On May 4, 2021, the circuit court clerk filed a motion to dismiss the Wrens' case "for want of prosecution pursuant to Rule 41(d)(1) of the Mississippi Rules of Civil Procedure" because there had been no action on the record in the preceding twelve months. On June 4, 2021, the Wrens filed a notice to offer self-authenticating medical records "prepared by Flexworx, its employees, physicians and nurses[.]" On January 3, 2022, the Wrens each filed a notice to take a video deposition of one of their treating physicians, Dr. Oakley Jordan, on January 24, 2022. However, on January 12, 2022, the Wrens filed a re-notice to take Dr. Jordan's video deposition on February 11, 2022. The deposition was to occur in Memphis, Tennessee. On the day of the scheduled deposition, the Wrens canceled it about "an hour and fifteen minutes before" it was to start. According to the Wrens, the cancellation was necessary because they learned that Tomekicia had been in a car wreck six months before the instant accident, which would potentially affect the case. The record contains communication between the Wrens and Zellers regarding the cancellation of the expert deposition.
On July 21, 2022, Zellers filed a Rule 41(b) motion to dismiss the case for lack of prosecution. He alleged that the Wrens had "shown a clear record of delay in this action" ....
On January 18, 2023, the Wrens filed a response to Zellers's previous motion to dismiss and contended the case had no "extreme circumstances" that would merit a dismissal of the case. On January 19, 2023, a hearing was held on the motion to dismiss for lack of prosecution. There, the Wrens expounded on the reasoning for the delay citing numerous obstacles such as the COVID-19 pandemic, changes with Zellers's insurance companies, and motions being filed for additional counsel on Zellers's part.
Id. at 1013-14 (¶¶3-5) (paragraph numbering omitted).
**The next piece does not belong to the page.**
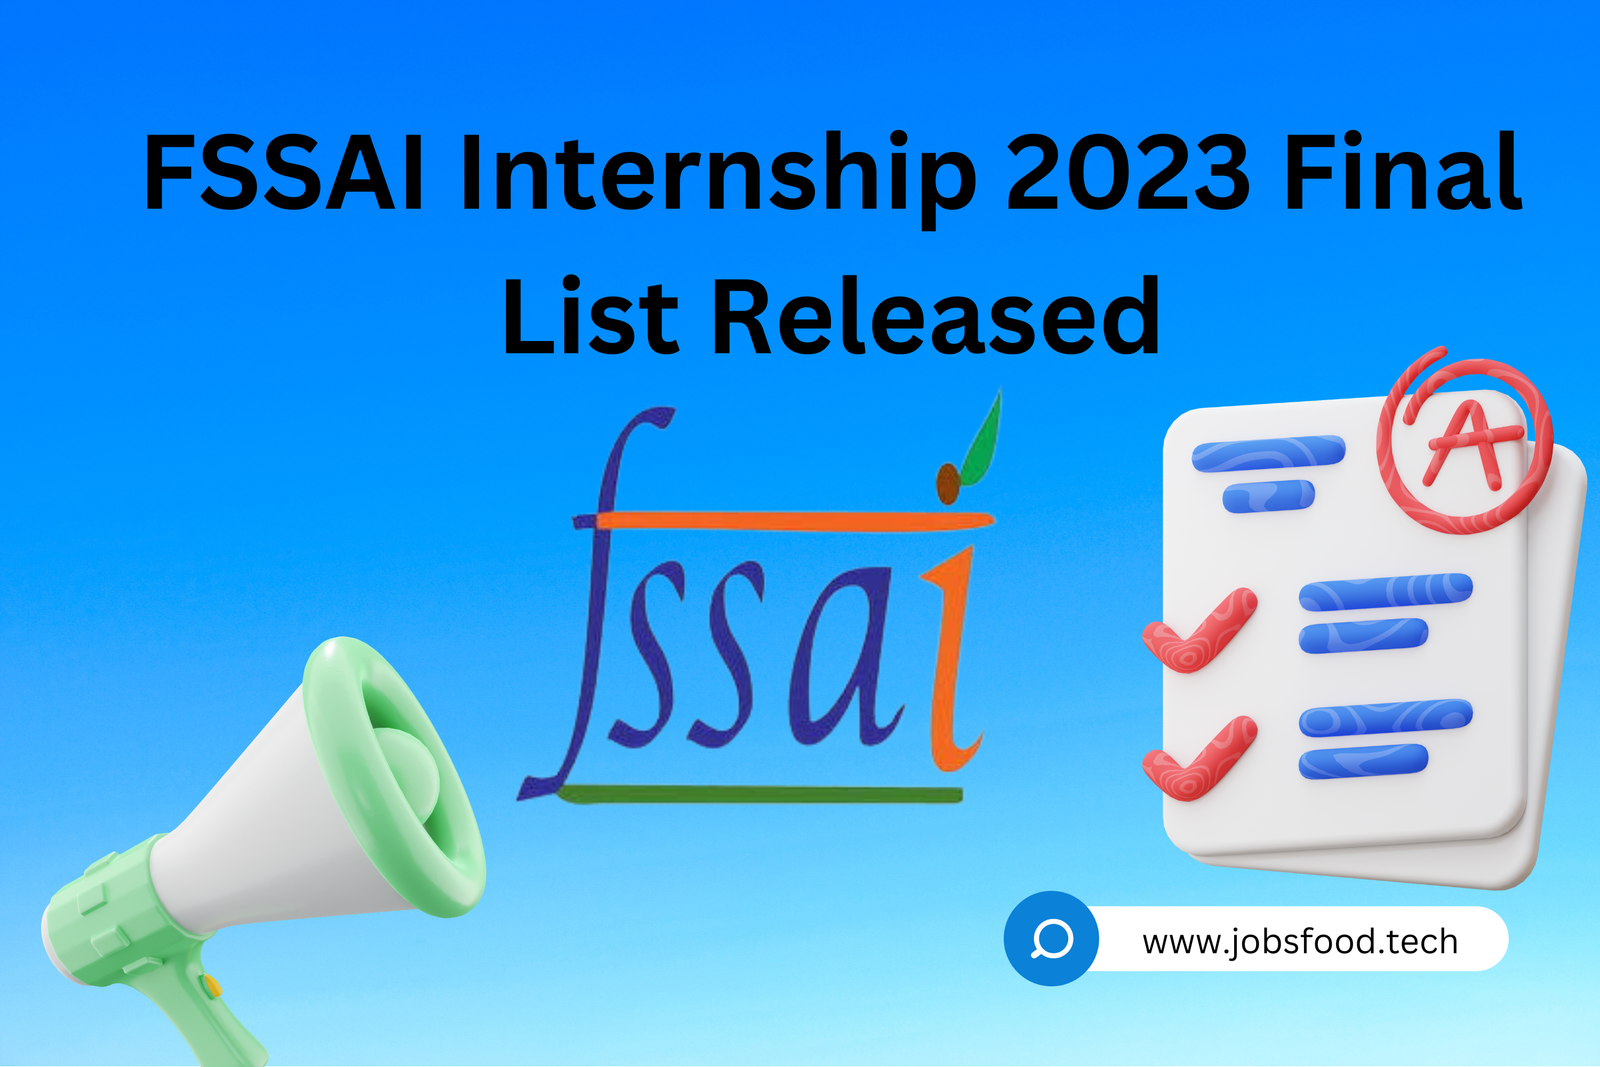 FSSAI Internship 2023 Final List Released

¶32. However, in that case we agreed with the circuit court that the COVID-19 pandemic was an unpersuasive reason for the delay, and we reasoned that because "the circuit judge was explicitly clear that she continued to have litigants appear in person and on Zoom" the delay was inexcusable. Id. at 1016 (¶13). In Wren, this Court found that there were several periods of time where the plaintiffs took no action in the case. Id. at (¶12). They propounded discovery, responded to the discovery requests, and went on to file their designation of experts (which was not included in the defense's motion to compel). Id. at 1013 (¶3). While not properly pursued, the Wrens at least filed a notice to take a video deposition before Zellers filed a motion to dismiss for lack of prosecution, and in that instance we held that the trial court did not abuse its discretion and affirmed its decision to dismiss the case. Id. at 1017 (¶15). Even though we held there was a clear record of delay in Wren, as explained in the facts above, there was more activity taken by the plaintiffs in that case compared to the case sub judice in which no activity was taken.
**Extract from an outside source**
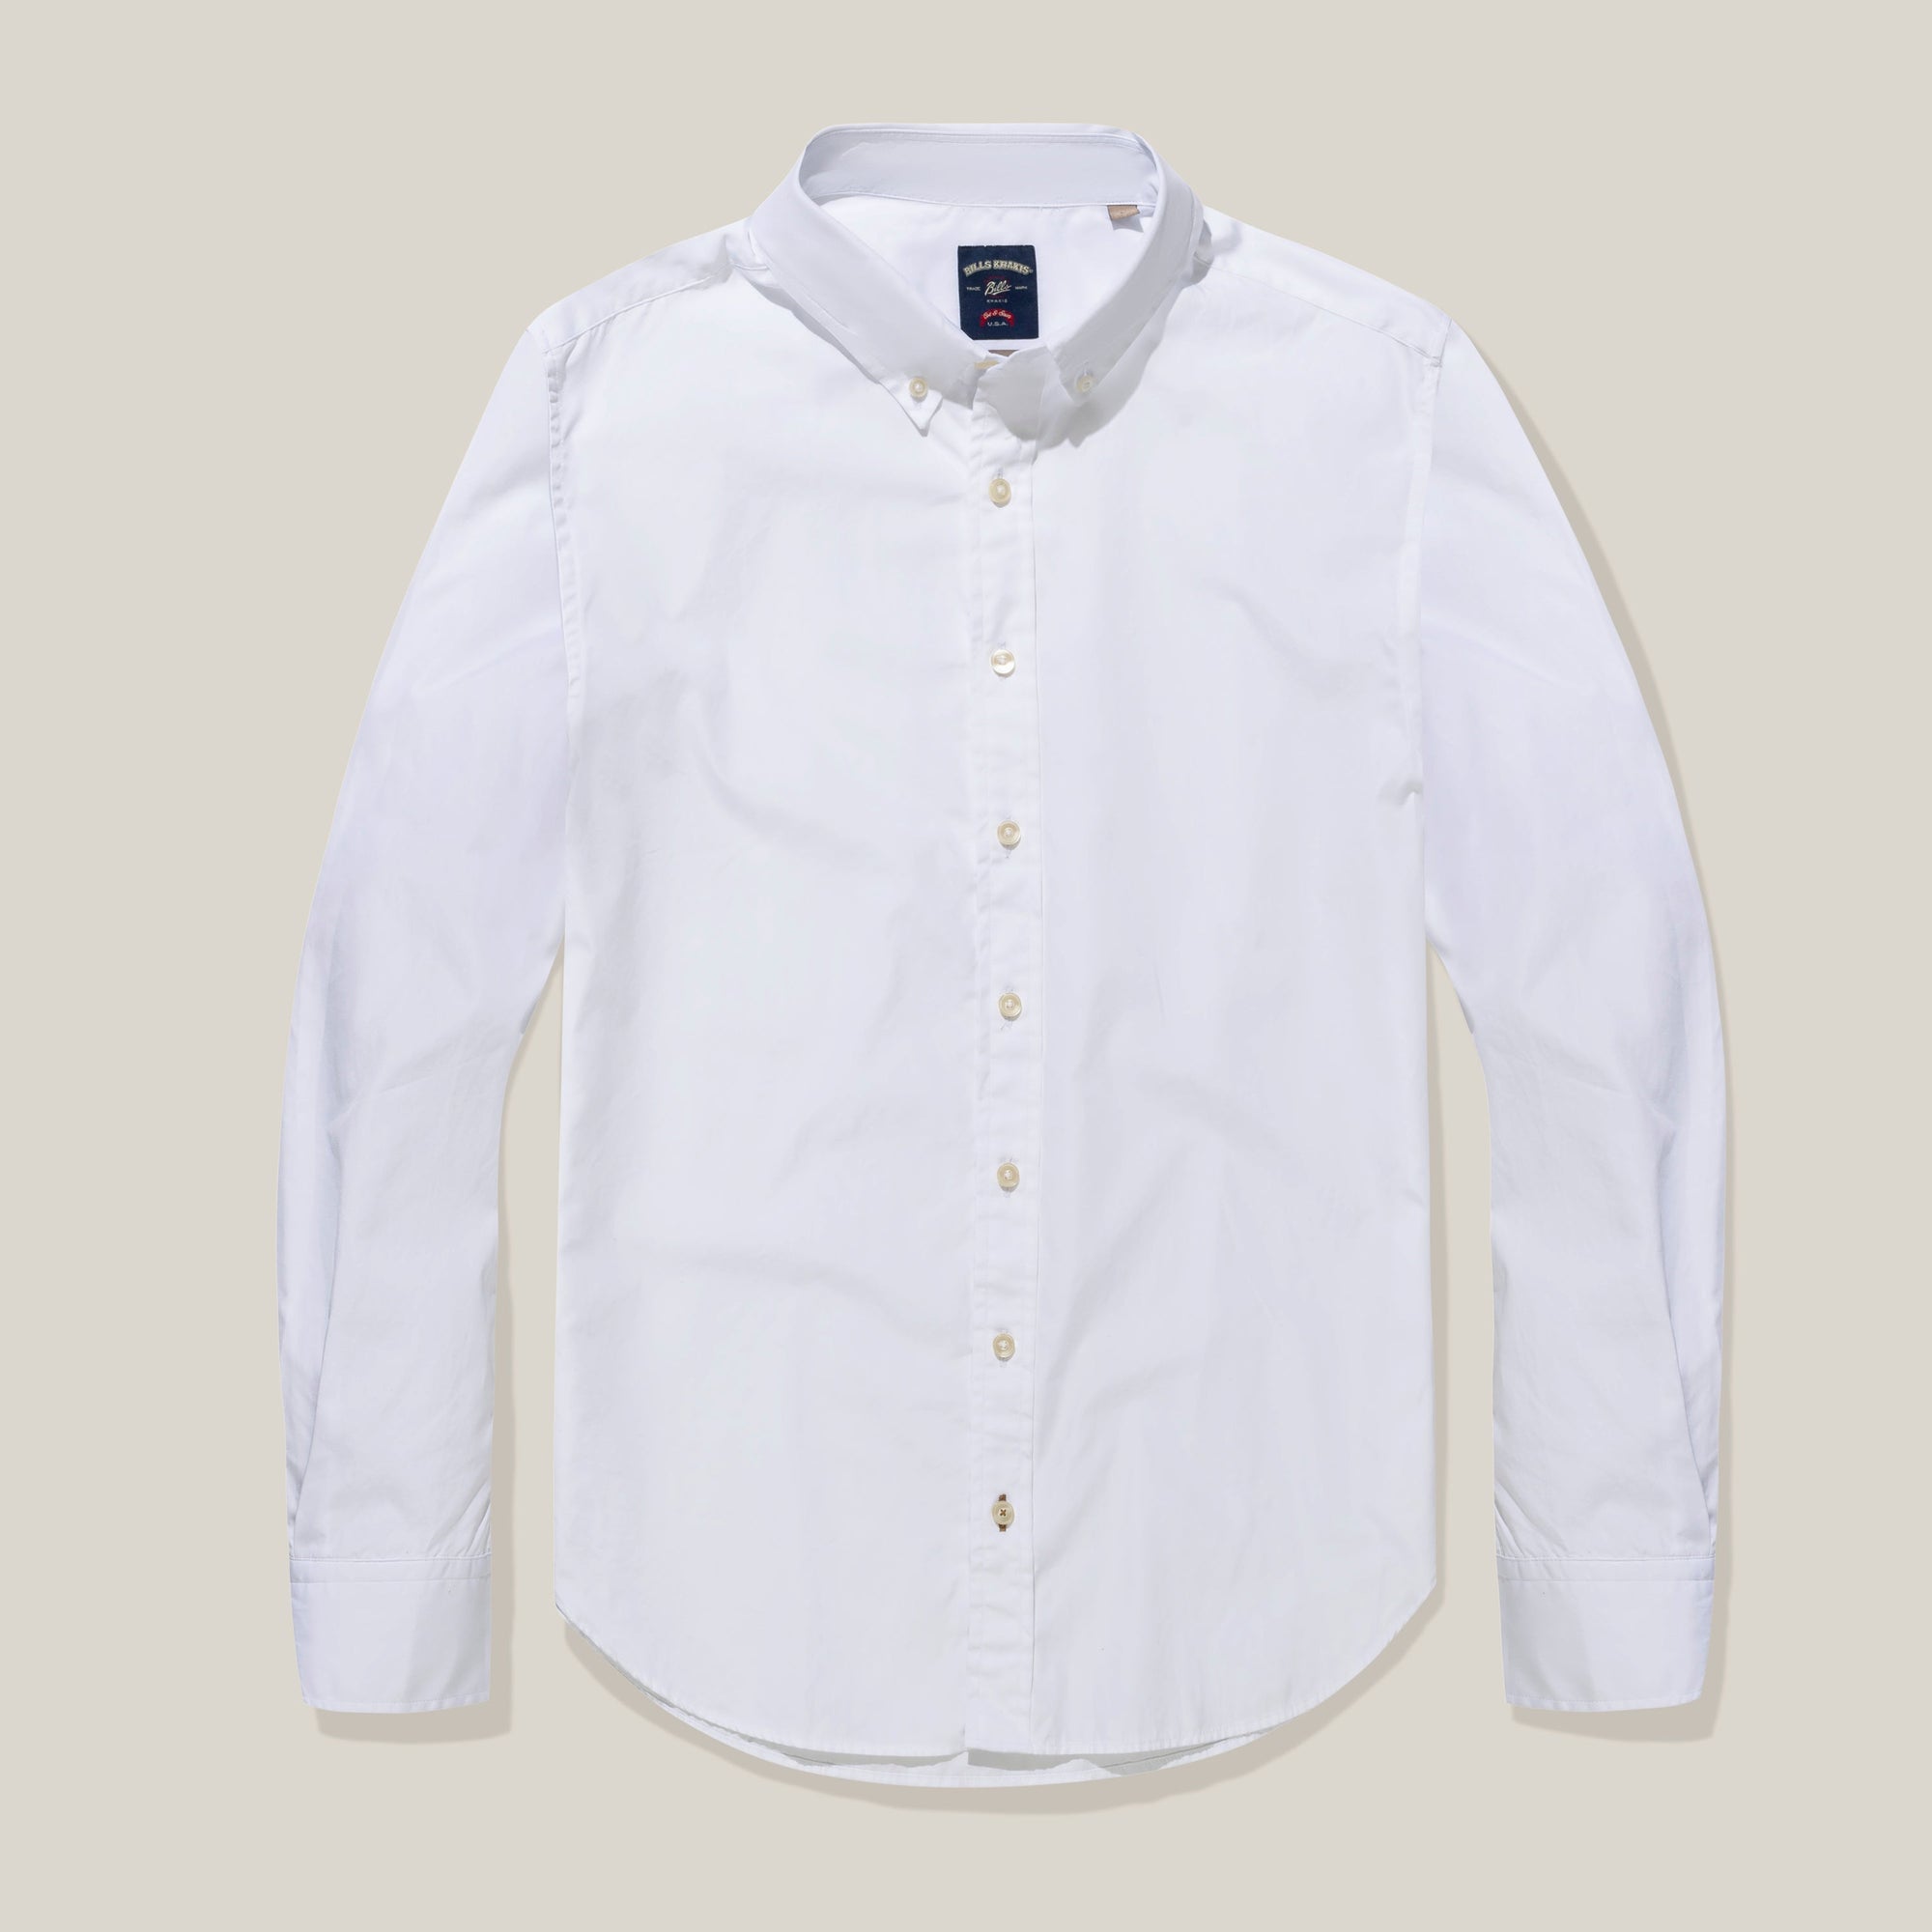 Weekender Fit 2 Ply Poplin Sport Shirt in White by Bills Khakis

¶33. The Tisdales' case fairly differs from Wren because the only actions taken by the Tisdales from the time the complaint was filed in March 2019 to the time the motion to dismiss was filed by SCRMC in August 2021 were Turner's withdrawal as counsel, Williamson's and Tynes' entries of appearance, and the notice of the change of address. None of these actions necessarily advanced the case to judgment. In its order, the circuit court stated:

COVID is not a sufficient justification for Plaintiffs' current counsel to delay responding to Defendant's discovery for another ten (10) months. Indeed, it only took Plaintiffs' counsel eight (8) days to file answers and responses after the Defendant filed its Motion to Dismiss. And, as noted above, the Plaintiffs still have filed no discovery of their own.

Moreover, the Tisdales even admitted in their motion to alter or amend the judgment that the court was never actually closed.

¶34. Thus, we find that the pandemic did not keep the Tisdales from responding to SCRMC's interrogatories and requests for production that was served on August 21, 2019, six months before the pandemic was declared.

¶35. The plaintiffs failed to provide any excusable reasons for the over twenty-four month delay; therefore, we find that the circuit court did not abuse its discretion in granting the motion to dismiss for lack of prosecution.

B. Lesser Sanctions

¶36. Although we find the trial court did not abuse its discretion, we will address whether lesser sanctions would have better served the interests of justice. Lesser sanctions may include "fines, costs, or damages against plaintiff or his counsel, attorney disciplinary measures, conditional dismissal, dismissal without prejudice, and explicit warnings." Cox v. Cox, 976 So.2d 869, 879 (¶24) (Miss. 2008) (internal quotation marks omitted). Our supreme court "has never required a trial judge to enumerate each and every lesser available sanction and in turn state why each does not apply." Regan v. S. Cent. Reg'l Med. Ctr., 234 So.3d 1242, 1247 (¶20) (Miss. 2017). The circuit court heard arguments regarding lesser- sanction proposals during the hearing on SCRMC's motion to dismiss and addressed why lesser sanctions would not be appropriate its order of dismissal. The circuit court stated that given the lengthy delay, the only appropriate sanction was to dismiss the case with prejudice.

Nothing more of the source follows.